Financing the deal and LBOs:

Leverage Buyouts or LBO is the process of acquiring a target company by a firm by borrowing money significantly from Financial organizations rather than using their own capital. This is made possible by submitting the assets of the target company as collateral to these financial institutions for the loans taken. In LBOs the range of Debt:Equity can go as high as 9:1.

LBO approach of acquiring is generally followed by Private Equity firms. Now some of the established companies are also following this approach to acquire distressed companies.

Uses and Benefits:

  • Large acquisitions made possible without investing major chunk of capital/equity
  • Can be used to convert Public company to Private

No Debt

LBO

Investment/Equity (millions)

10

1

Debt (millions)

0

9

Total Assets(millions)

10

10

EBIT (millions)

1.5

1.5

Interest rate

0%

10%

Pretax income (milions)

1.5

0.6

Tax rate

33.33%

33.33%

Net Income (millions)

1.00

0.40

ROE (Net Income/Equity)

10.00%

40.00%

From the table it can be seen that ROE has increased significantly for the acquirer if the company goes for LBOs.

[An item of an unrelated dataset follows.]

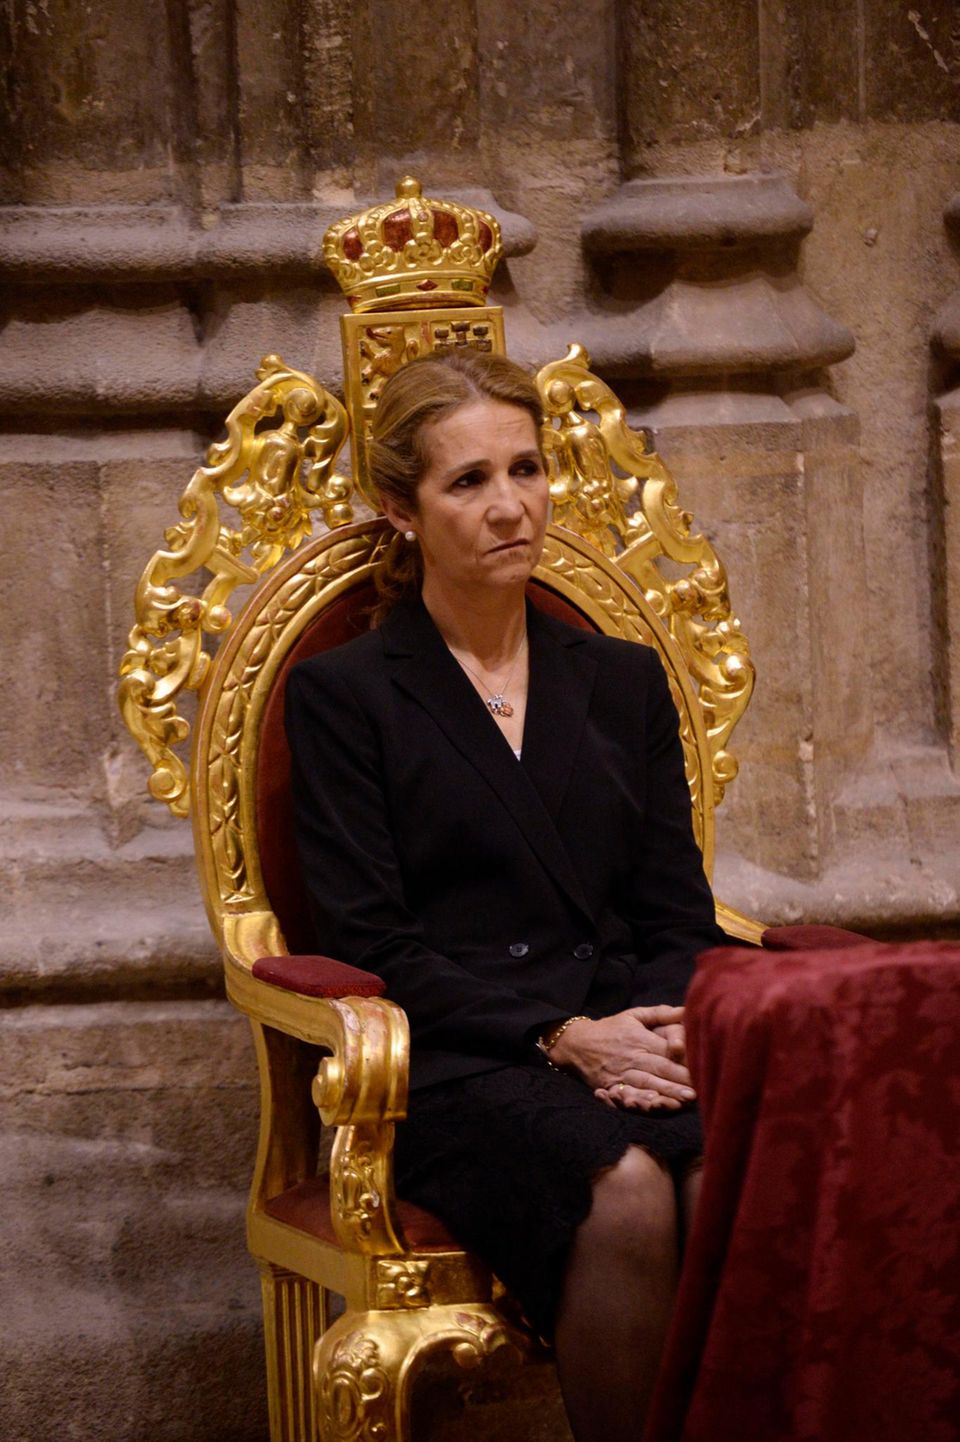 Sogar Prinzessin Elena ist zur Beerdigung gekommen - einer ihrer selten gewordenen Auftritte, da sie nicht mehr zur spanischen Königsfamilie zählt.
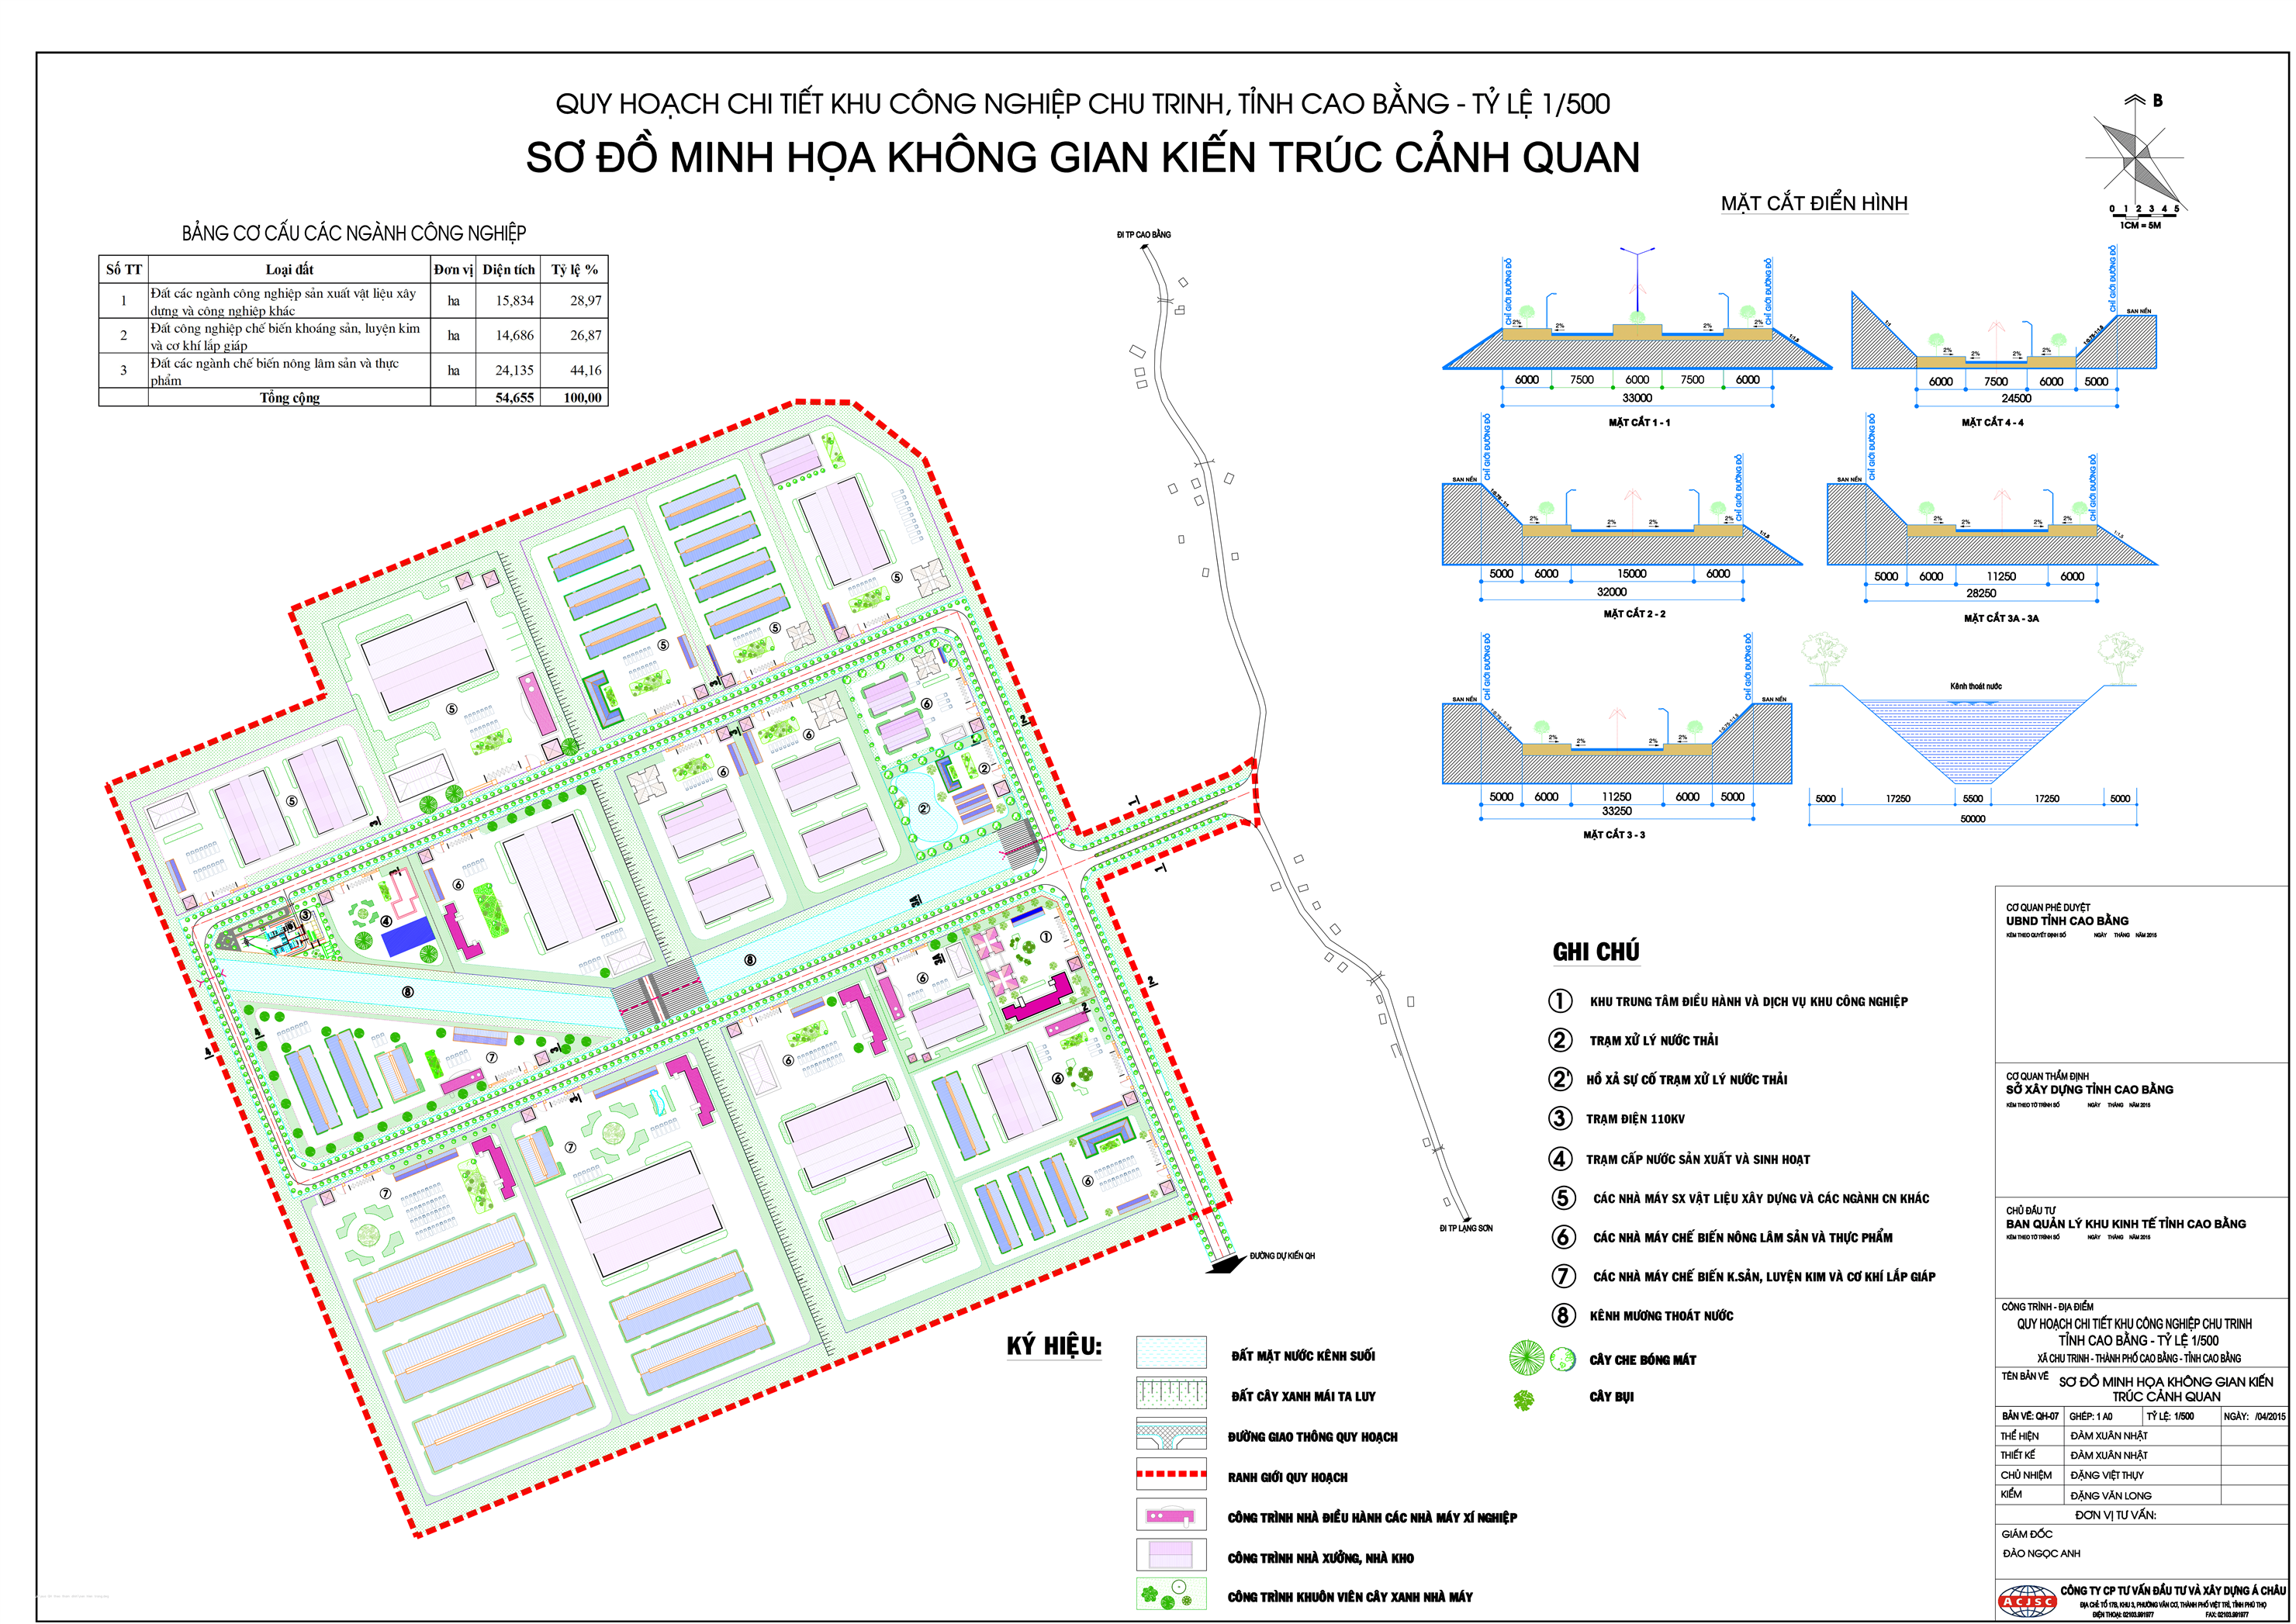 Quy hoạch tỷ lệ 1/500 khu công nghiệp Chu Trinh, thành phố Cao Bằng, tỉnh Cao Bằng

Hence using only a small portion of the equity we can get higher returns by following the LBO method.

Disadvantages:

  • Historically some of the LBOs has led to Bankruptcy
  • The Bonds if issued for Buyouts are not Investment grade and are classified as Junk Bonds due to high risk.
  • If cash flows didn't match the interest obligation to Banks can result in Bankruptcy of the company.
  • Can be used for Predatory tactics and the target company not always favour the same

Some of the examples of LBO are given below:

  • Georgia-Pacific LLC acquisition by Koch Industries
  • PetSmart Inc acquisition by BC Partners in 2014
  • Acquisition of Freescale Semiconductor, Inc by a group of Investors which included the famous Blackstone group.